If a company has multiple product or service lines, it's useful to know which business activities generate the most profit. To better understand its profitability, a business can segment its operations into divisions and calculate a profit margin for each one.
Identify the different divisions in the company. Divisions can be segmented by product line, sales territory, geographic region or individual store locations. For example, a clothing manufacturing company may divide its company by children's clothing and women's clothing.
Identify all the revenues that can be specifically attributed to each division. For example, the company may have booked net sales of $400,000 for children's clothing and $500,000 for women's clothing during the accounting period.
Determine the division's direct costs. According to AccountingTools.com, you can include a cost as a direct cost if any of the following applies:
- The manager or executive that oversees the segment had control over the expense.
- The cost varies directly with variances in revenues generated by the segment.
- If the division were to close, the expense would disappear.
For a children's clothing division, potential direct costs would include:
- Direct materials and cost of labor incurred to produce the clothing.
- Factory rent, utilities, property taxes, machine depreciation, factory supervisors and support staff salaries (assuming the factory is used exclusively for children's clothing).
- Any administrative or executive staff that spend 100 percent of their time on children's clothing.
- Marketing, shipping and sales commissions that were exclusively for children's clothing.
Some costs can't be directly attributed to a single division, yet each division still benefits from the expense. Using a cost allocation model, allocate shared expenses and overhead costs to each division. Examples would be CEO and administrative salaries, corporate office rent and business insurance. Costs can be assigned based on a number of factors, like the relative proportion of revenue each division brings in or the amount of time that executives dedicate to each division. For example, if the total compensation for the CEO is $400,000 annually and he estimates he spends about 10 percent of his time working on children's clothing, allocate $40,000 in costs to the children's clothing margin.

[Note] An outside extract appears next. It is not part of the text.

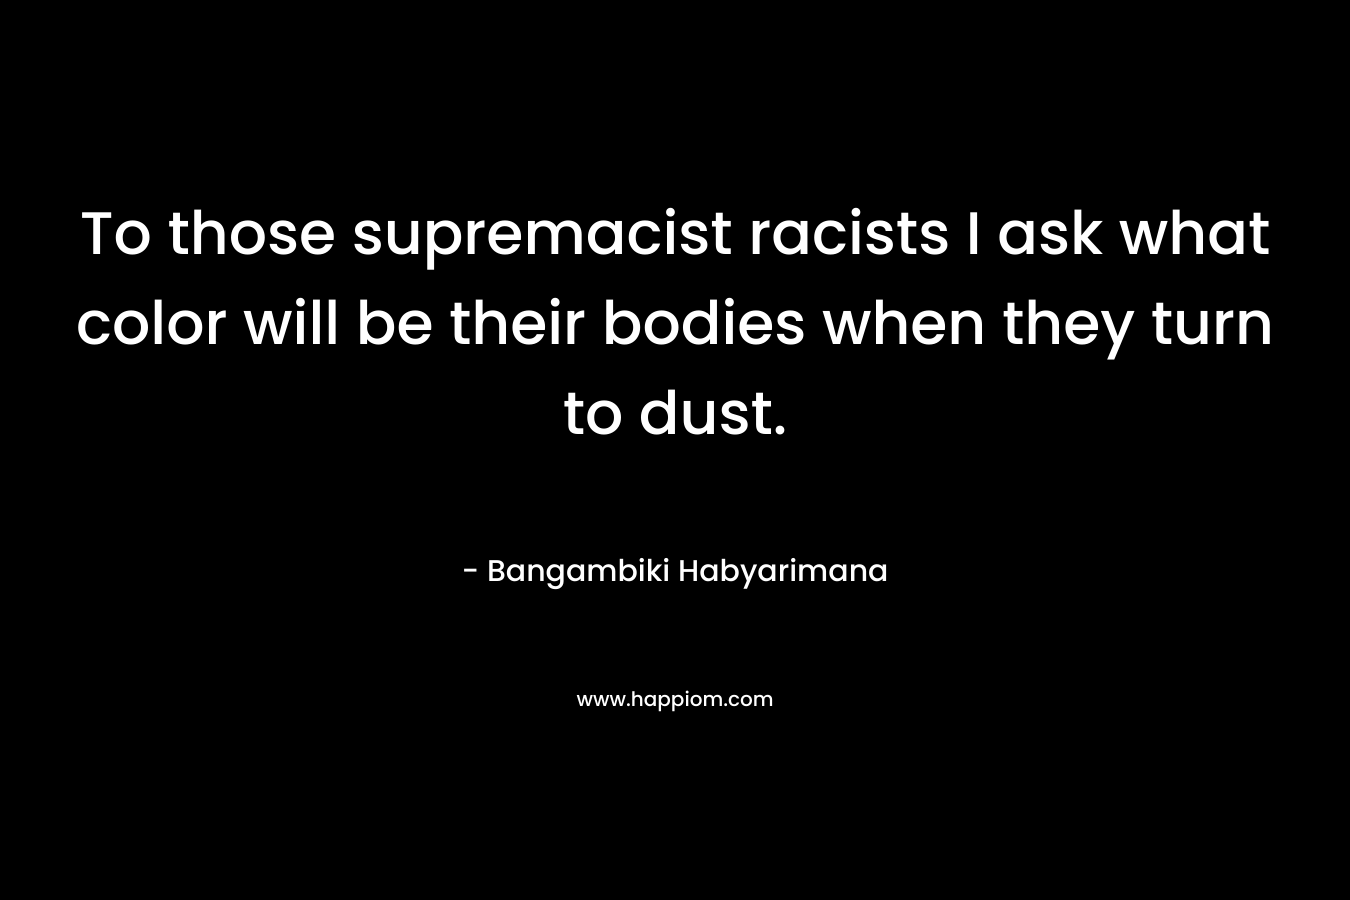 To those supremacist racists I ask what color will be their bodies when they turn to dust. – Bangambiki Habyarimana

To calculate the division's profit margin, divide its net income by its revenues. To find net income, subtract the division's direct costs and its portion of shared costs from direct revenues. For example, if the children's clothing line has revenues of $400,000, direct costs of $200,000 and its portion of shared costs is $100,000, then its net income is $100,000 and its profit margin is 25 percent ($100,000 divided by $400,000). This means that approximately 25 percent of the revenues that the division generates flow through to the company as income.